Linkage Analysis between Manic-Depressive Illness and the Region on Chromosome 15q Involved in Prader-Syndrome, including Two GABAA Receptor Subtype Genes

Abstract

Cooccurrence of Prader-Willi syndrome and psychosis has been reported in a few cases. Prader-Willi syndrome is most often associated with interstitial deletion or uniparental disomy of chromosome 15qll-ql3. The cooccurrence of Prader-Willi syndrome and psychosis may thus be due to deletion of, or in the case of uniparental disomy, duplication of a gene involved in the etiology of psychosis, possibly manic-depressive illness localized in this region.
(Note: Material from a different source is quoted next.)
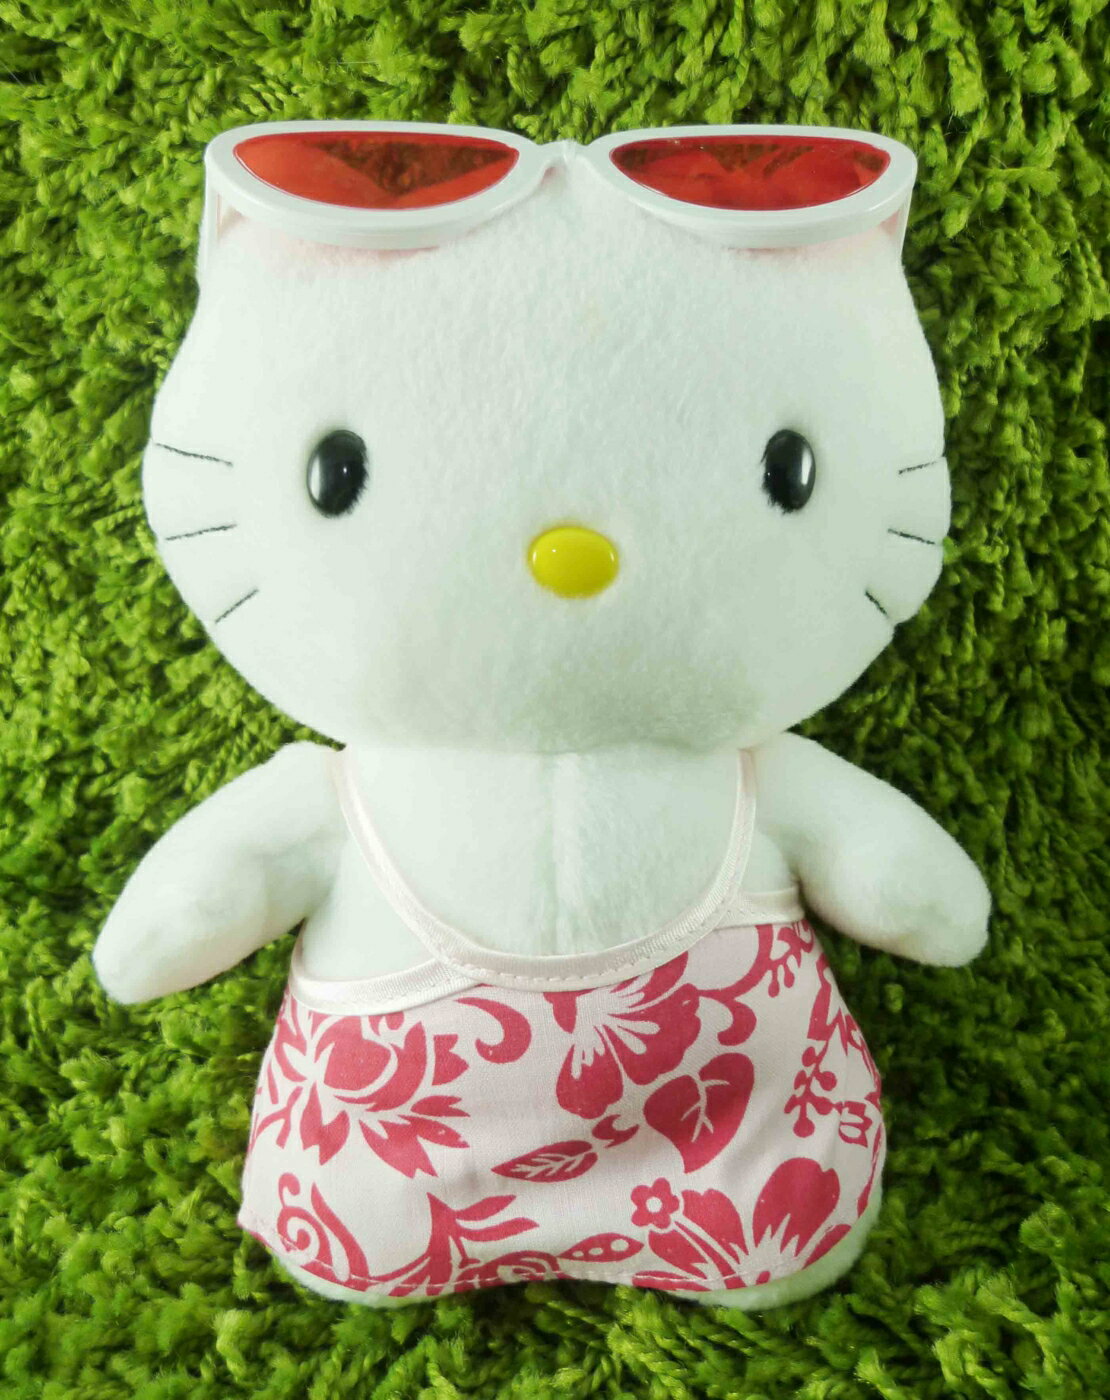 【震撼精品百貨】Hello Kitty 凱蒂貓 KITTY絨毛娃娃-夏威夷裝扮-女 震撼日式精品百貨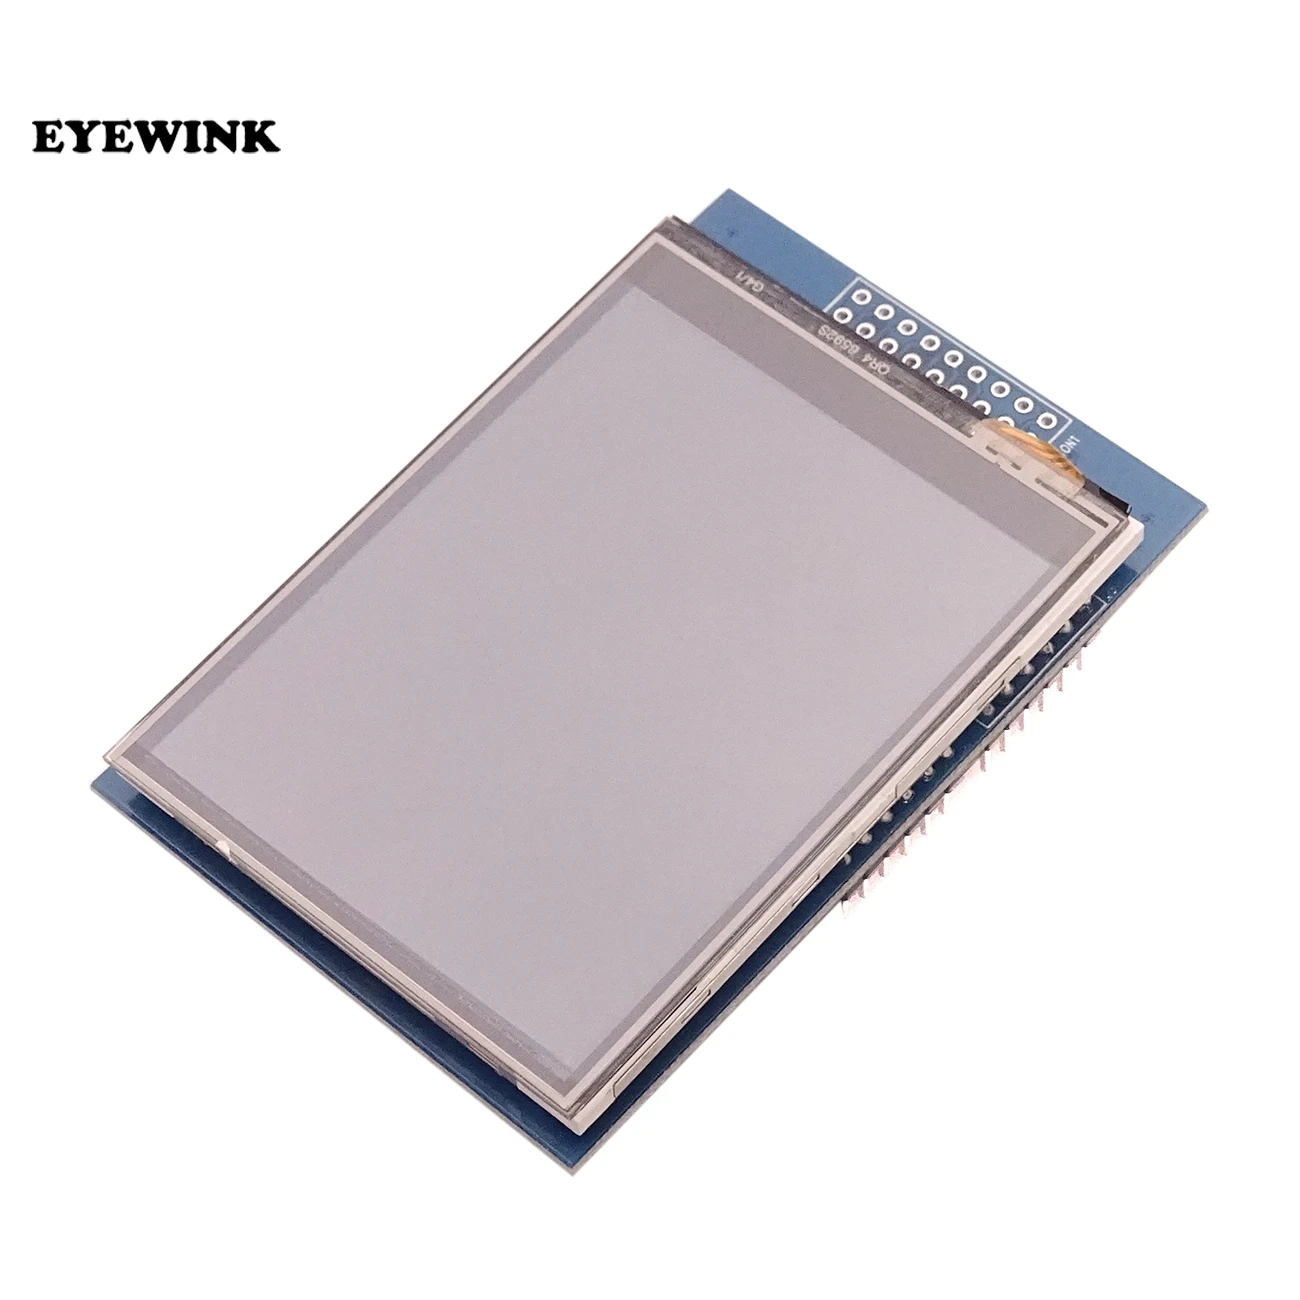 EYEWINK ЖК-дисплей модуль TFT 2,8 дюймов TFT ЖК-экран для arduino UNO R3 плата

The region contains two assumed candidate genes for manic-depressive illness, the α₅ and β₃ sub-units of the γ-aminobutyric acid (GABA)_A receptor. This study investigates linkage between manic-depressive illness and this region. Furthermore, an additional case with Prader-Willi syndrome and psychosis is briefly described. No evidence of linkage was found assuming dominant or recessive modes of inheritance. Linkage to the GABA_A receptor subunits was excluded assuming a dominant mode of transmission for all models, and to the proximal part of the chromosome 15qll-ql3 region for broader phenotypic models. Negative though largely inconclusive lod scores were obtained assuming a recessive mode of transmission; however close linkage to the β₃ subtype of the GABA_A receptor was excluded.